It is absurd to think that the only way to tell if a poem is lasting is to wait and see if it lasts. The right reader of a good poem can tell the moment it strikes him that he has taken an immortal wound – that he will never get over it. That is to say, permanence in poetry as in love is perceived instantly. It hasn't to await the test of time. The proof of a poem is not that we have never forgotten it, but that we knew at sight that we never could forget it.
- Robert Frost
Age of Muses is proud to present the first of many films in its Education through Poetry series. As our first production, we offer an adaptation of former California Poet Laureate Dana Gioia’s “The Angel with the Broken Wing.” Filled with deep ironies and spiritual paradoxes, the work is an exemplar of what an ideal poem looks like today. Not only this, it is a demonstration of the power that great poetry has to impart not only truly timeless beauty and wisdom, but to leave us with what the poet Robert Frost famously described as “an immortal wound.”

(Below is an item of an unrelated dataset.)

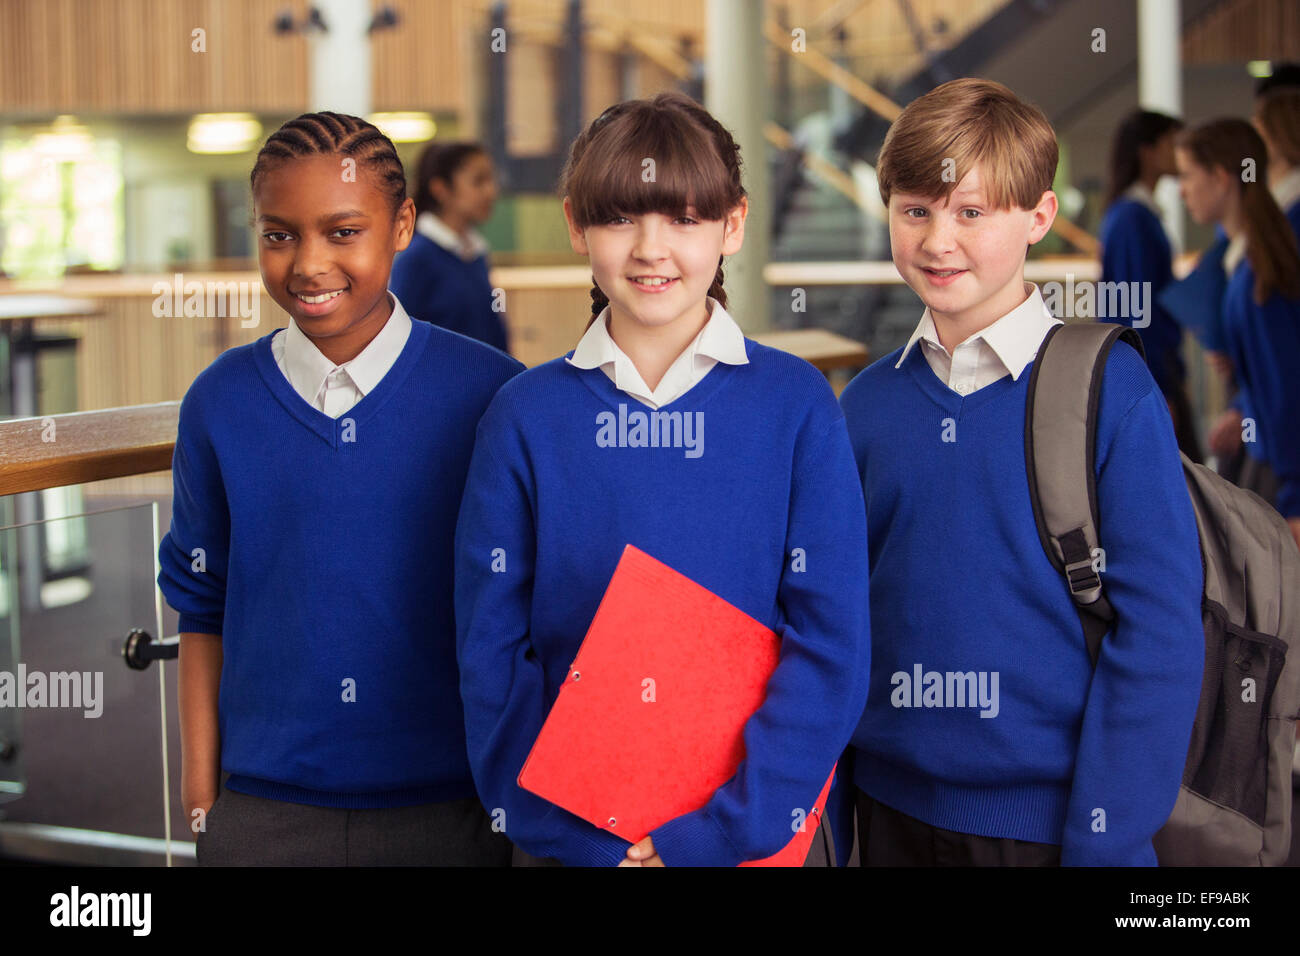 Portrait of three elementary school children wearing blue school uniforms standing in corridor Stock Photo

For, poetry awakens the heart as well as the mind, and bridges them in ways that few mediums can. So, Age of Muses is in the midst of a full-spectrum effort at cultural revival, with a commitment to further building on the best of the Western classical tradition. We speak of that same sacred musical tradition with which the likes of a Homer, the Psalmist David, Dante, Shakespeare and immortal poets across the ages have succeeded in awakening the best in mankind.

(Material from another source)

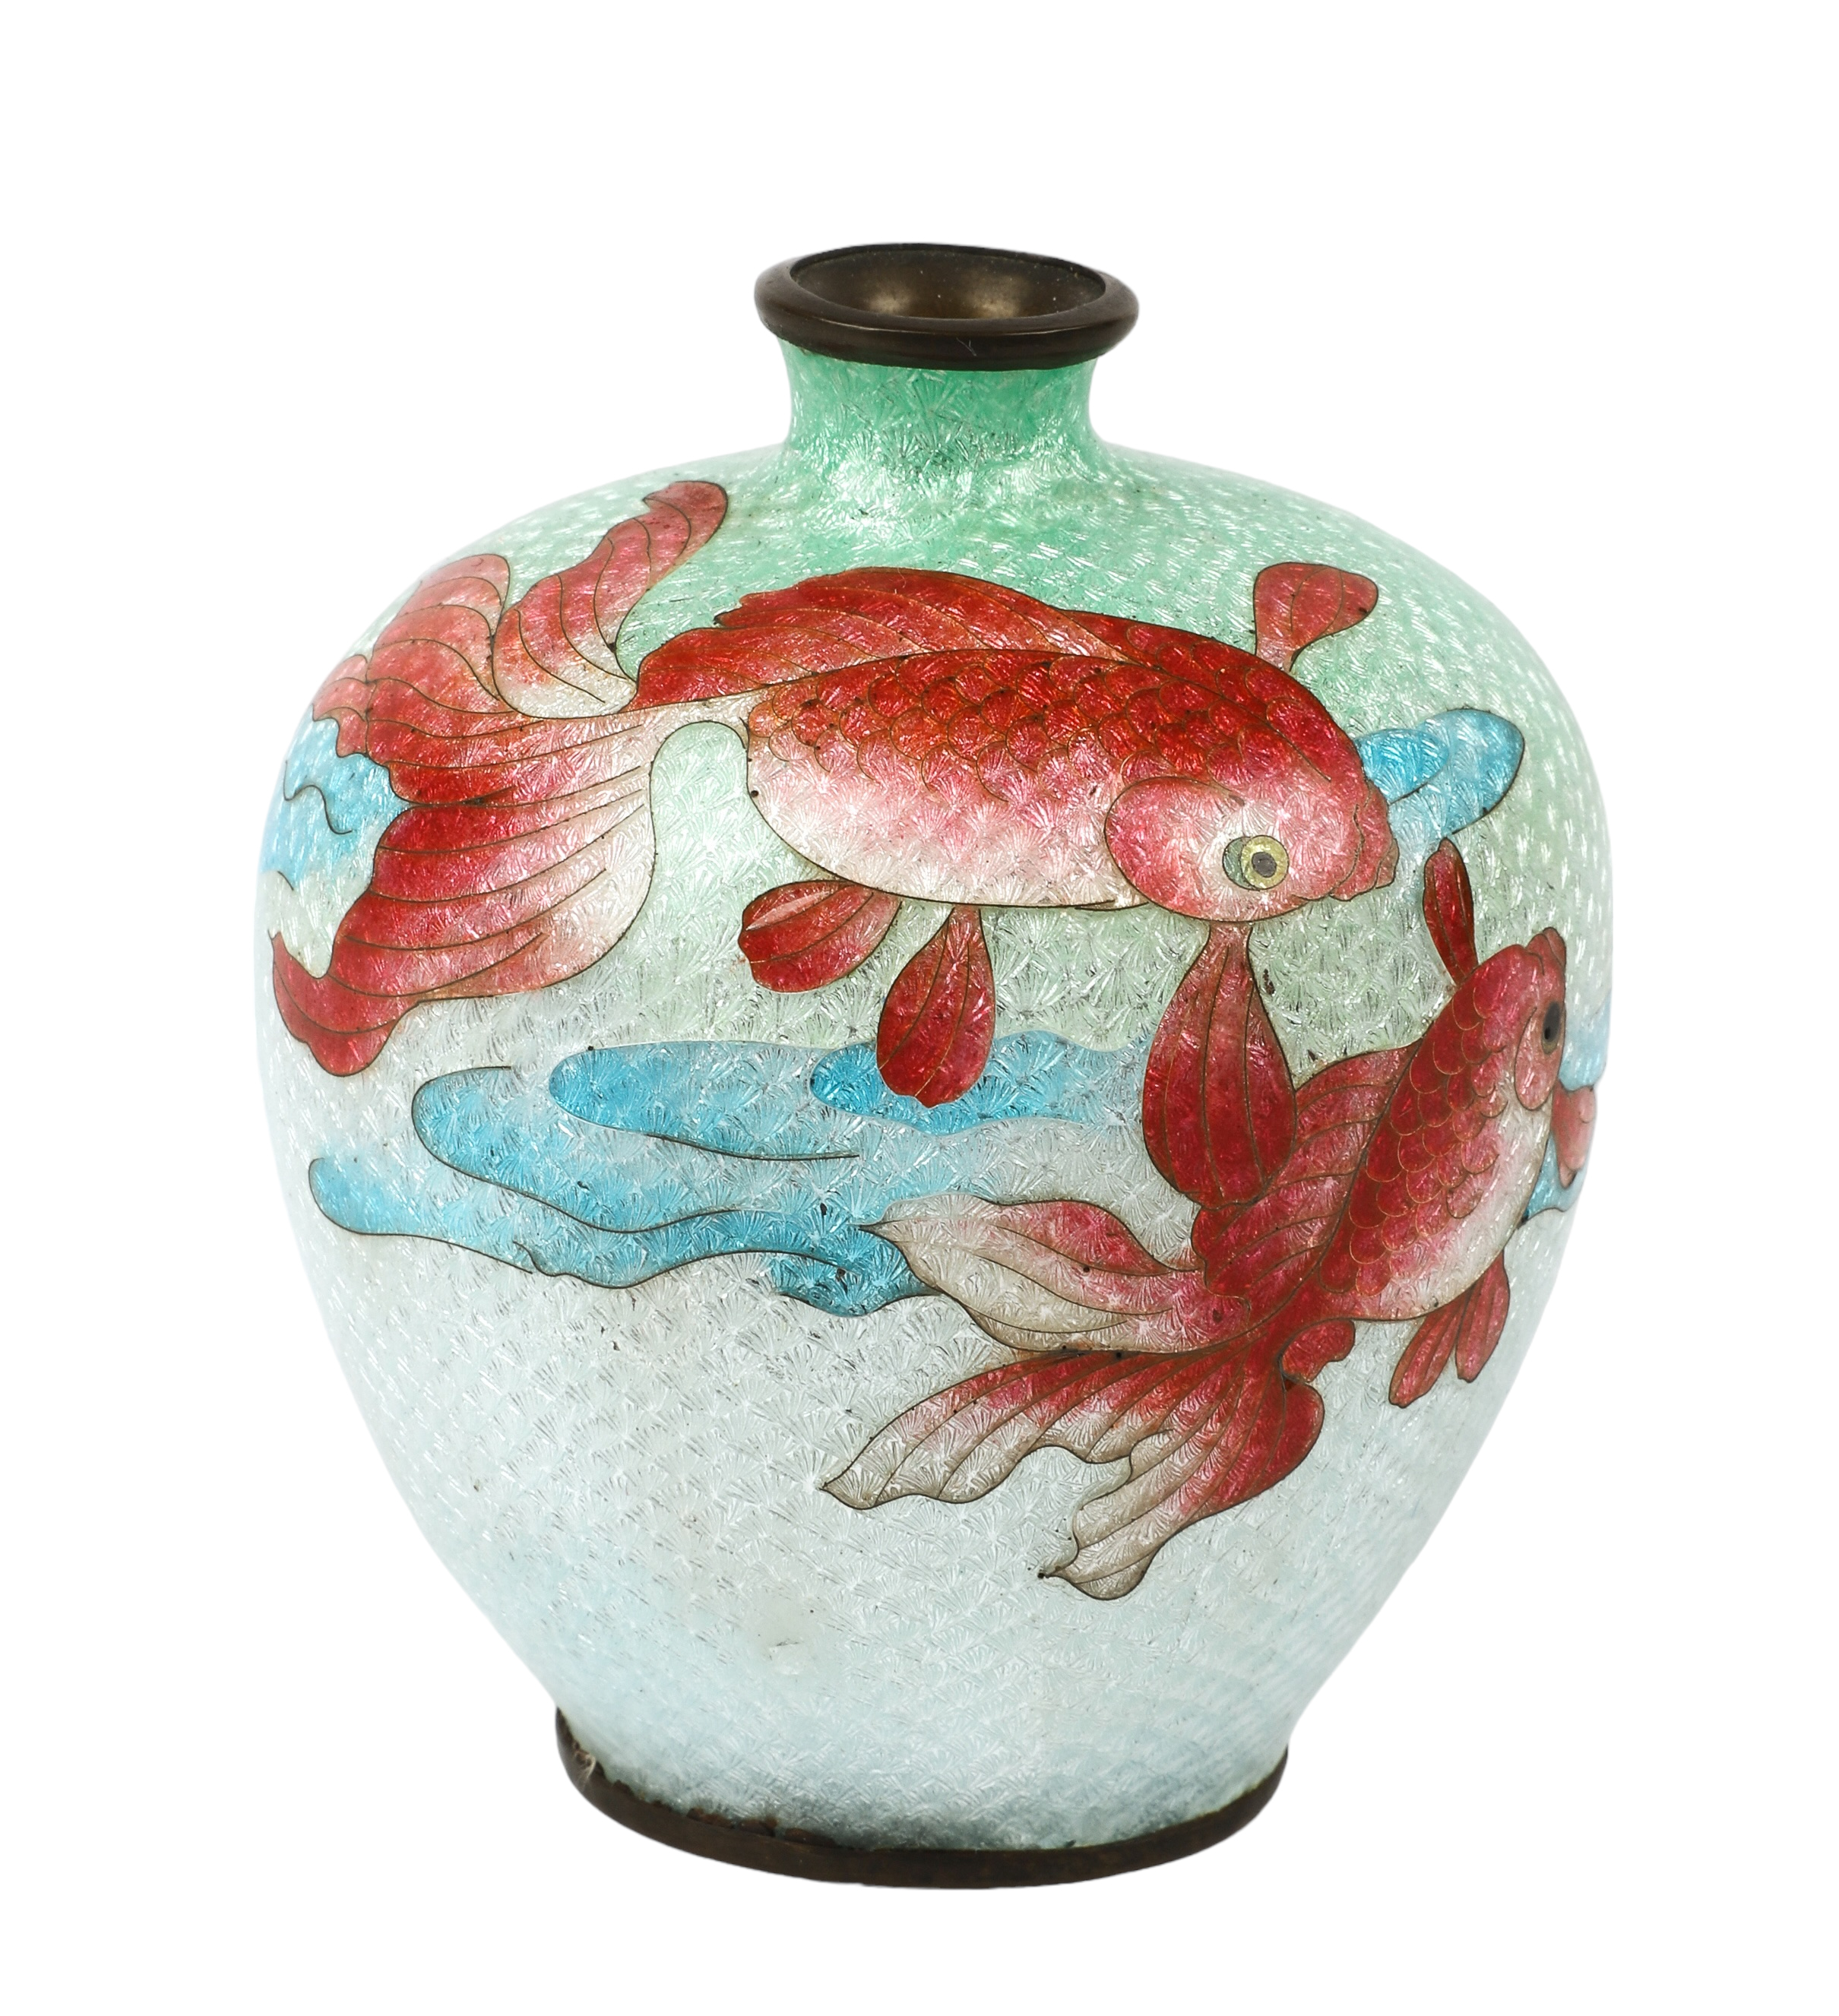 Japanese ginbari cloisonne vase  3b1c5b

Moreover, rather than simply hearkening back to the past or trying to imitate it today, we are committed to demonstrating what such new timeless art and culture looks like right now—within our own unique age.

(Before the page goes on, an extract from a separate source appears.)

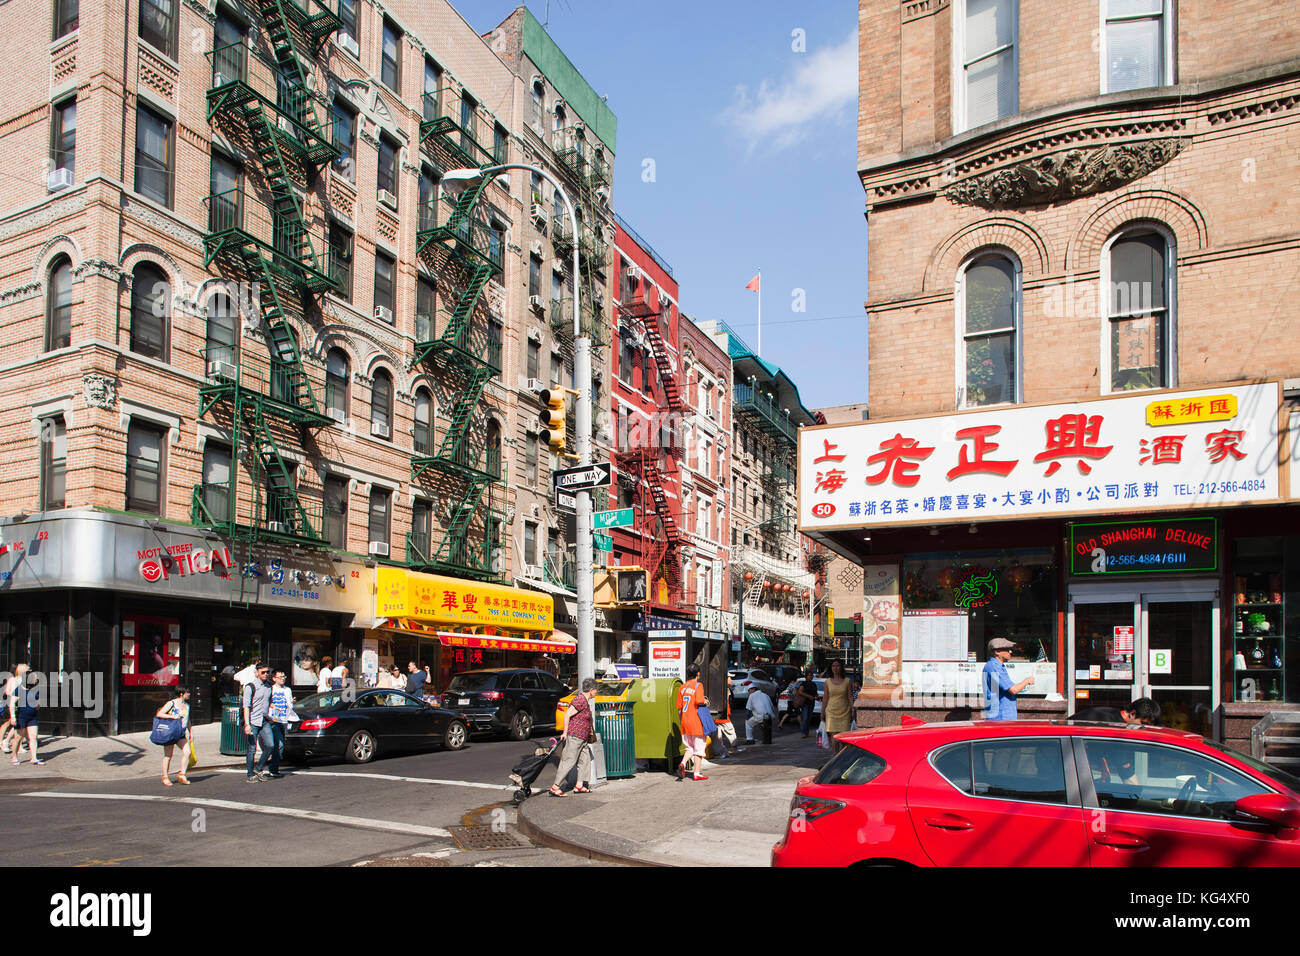 Mott street and Bayard street, China town, Manhattan, New York, USA, America Stock Photo

Lastly, those interested in supporting our Education through Poetry film series and seeing a full-spectrum revival of timeless art and culture can become Age of Muses paid subscribers.
Without further ado, we present “The Angel with the Broken Wing.”
The Angel with the Broken Wing
By Dana Gioia
I am the Angel with the Broken Wing,
The one large statue in this quiet room.
The staff finds me too fierce, and so they shut
Faith’s ardor in this air-conditioned tomb.
The docents praise my elegant design
Above the chatter of the gallery.
Perhaps I am a masterpiece of sorts—
The perfect emblem of futility.
Mendoza carved me for a country church.
(His name’s forgotten now except by me.)
I stood beside a gilded altar where
The hopeless offered God their misery.
I heard their women whispering at my feet—
Prayers for the lost, the dying, and the dead.
Their candles stretched my shadow up the wall,
And I became the hunger that they fed.
I broke my left wing in the Revolution
(Even a saint can savor irony)
When troops were sent to vandalize the chapel.
They hit me once—almost apologetically.
For even the godless feel something in a church,
A twinge of hope, fear? Who knows what it is?
A trembling unaccounted by their laws,
An ancient memory they can’t dismiss.
There are so many things I must tell God!
The howling of the damned can’t reach so high.
But I stand like a dead thing nailed to a perch,
A crippled saint against a painted sky.